ネット上での他の人のレビューも幾つか読ませていただきましたが、

解釈がそれぞれあって面白かったですし。

 

あらすじ簡単に説明しますと

 

 ───東京で定時制高校に通いながら、昼間は自動車整備工場で働いている純。

 前回、「初恋」のラストで古尾谷雅人扮するトラックの運ちゃんから「一生ととっておけ」と言われた泥のついた1万円札2枚。もらった日付を書き込んで定期入れの中にお守りのようにしまっておいたやつ。がない。前日、バイクの窃盗容疑で警察にしょっぴかれた純。

そのことで職場の仲間にも警察の事情聴取が入り、特に上司の水谷はかなり苛立っていた様子。冷静さを失った純は水谷の仕業と思い、暴れる狂うように水谷のロッカーを激しく漁る。そこへ親友のアカマが来て暴れる純の背中にしがみついて、盗ったのは俺だと白状する。

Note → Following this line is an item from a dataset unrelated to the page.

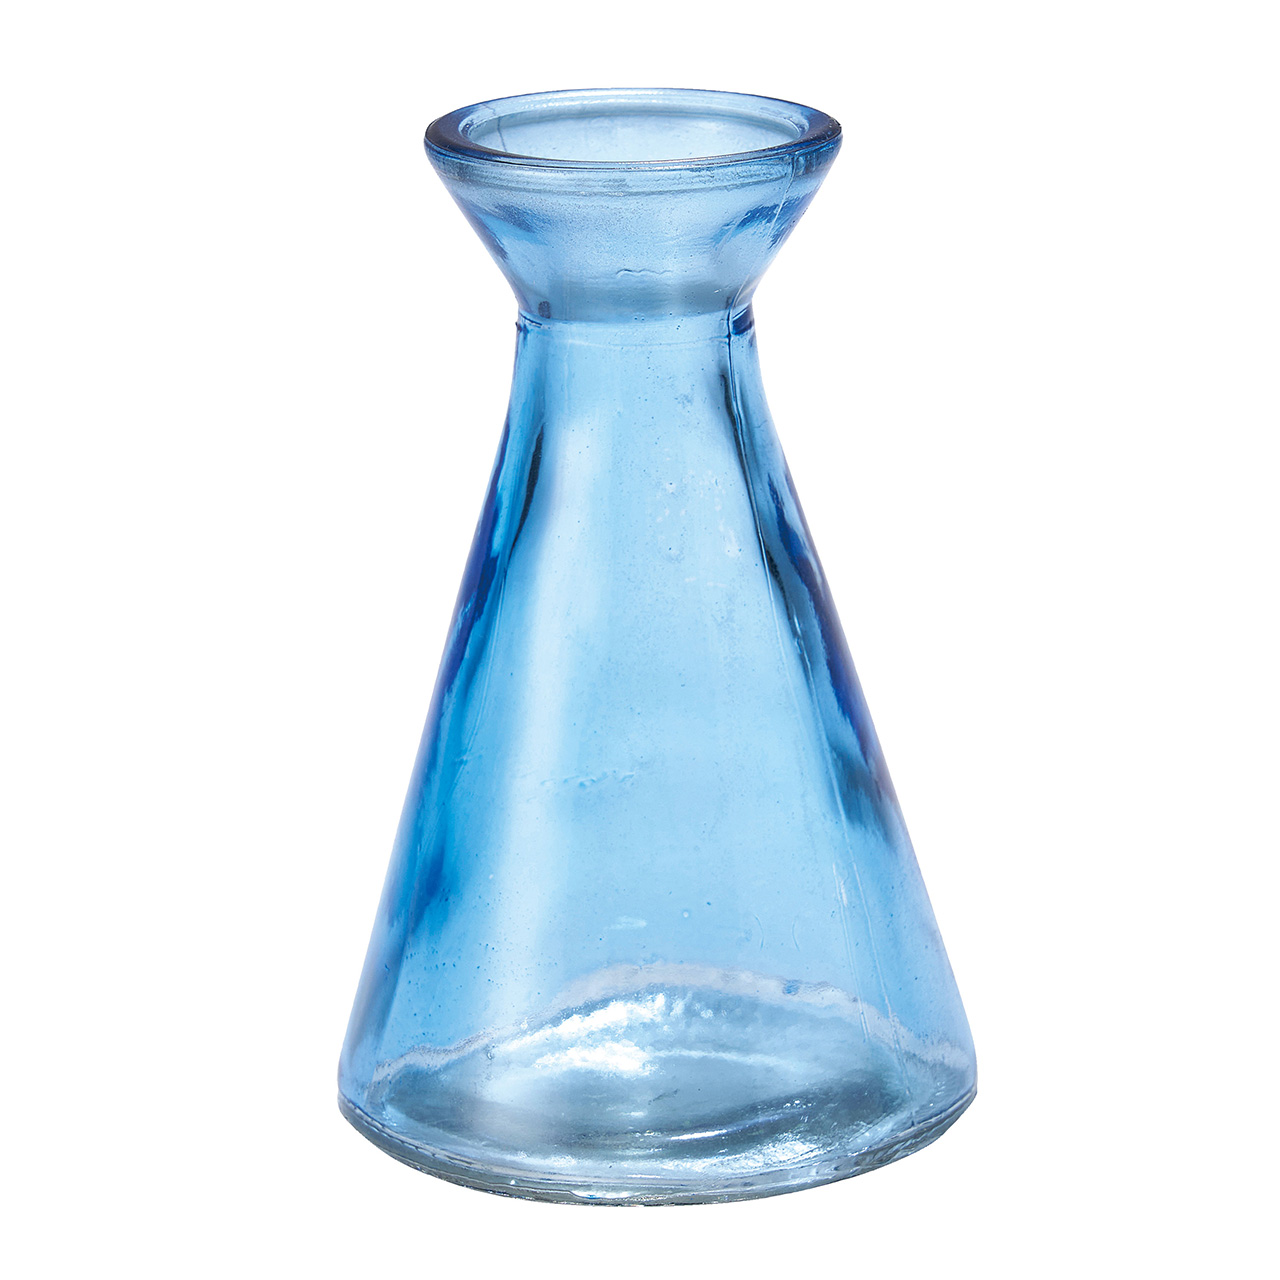 マイフラ】 通販/ミニフラワーベース ブルー 花瓶 花器 6コ入(385円/1コあたり) リサイクルガラス サステナブル CD00GL16-0BL( ブルー): 花器・花瓶・フレーム・天然素材ベース/全国にMAGIQ、花器、花資材などをお届けします。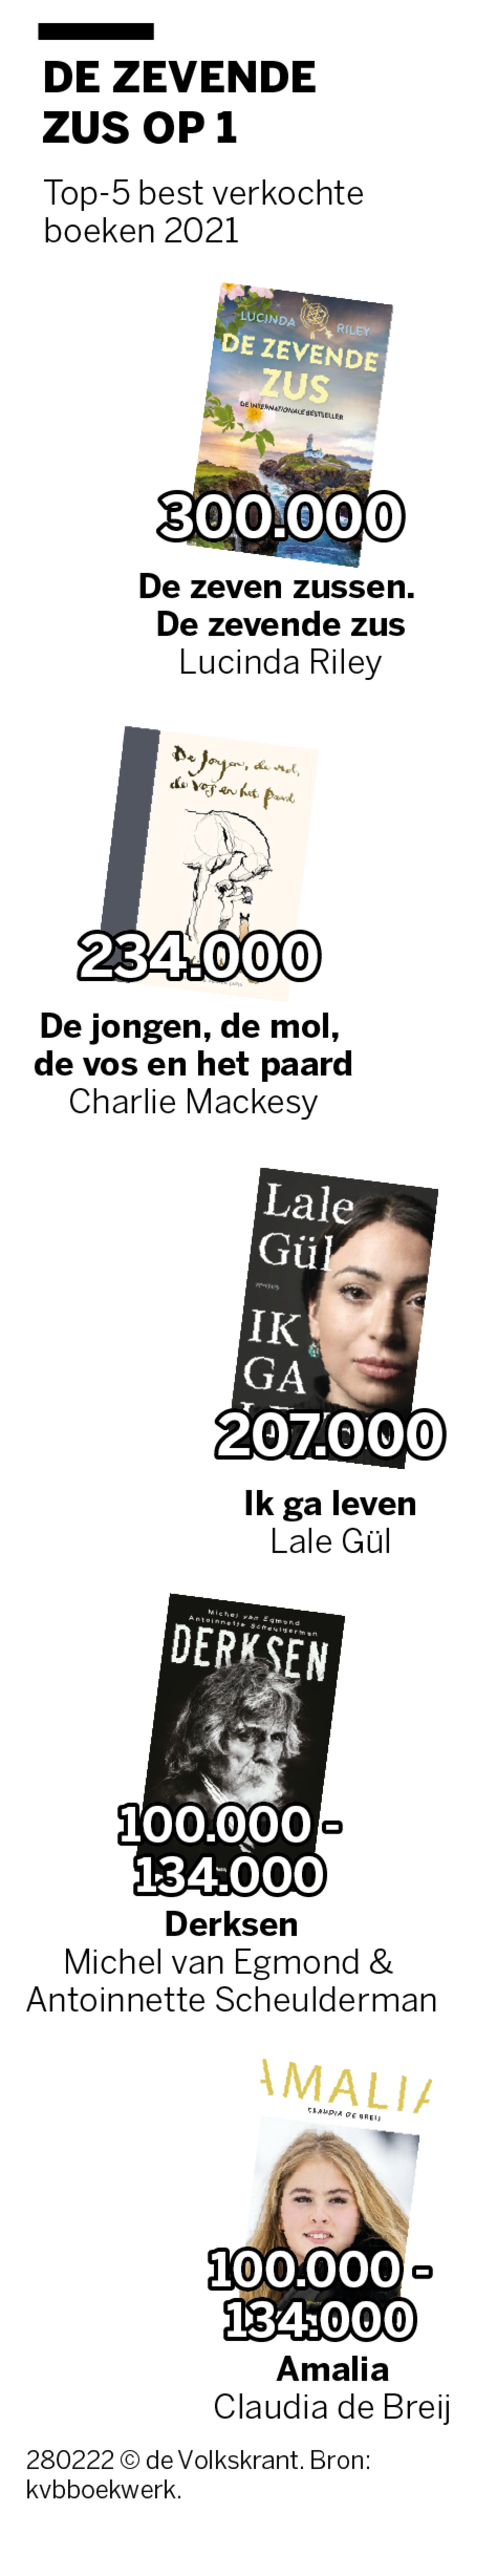 dier thuis Bederven Nederlandse boekenverkoop in 2021 voor het eerst vaker online dan in de  winkel, Lucinda Riley meest verkocht

アカマは、病気の親に仕送りするため、半年前、水谷からお金を借りていた。それが半年で倍の利息を付けられ、返済を迫られていたのだ。アカマはかねてより純の定期入れの2万円の存在を知っていて、切羽詰まりそれを拝借して水谷に渡していた。純は、あの札はお守りのような大切な札だから他の札「3万円と交換してください」と水谷にすがりつくが、水谷はもともと純に苛立っていたうえに、犯人に疑われ完全に頭に血がのぼっていて、取り付く島も無く、「誰がお前なんかに渡すか!」と殴り倒される。倒れた純。近くに、鉄のバールが落ちていたのを見て、それを手に立ち上がり、背後から水谷に襲いかかった。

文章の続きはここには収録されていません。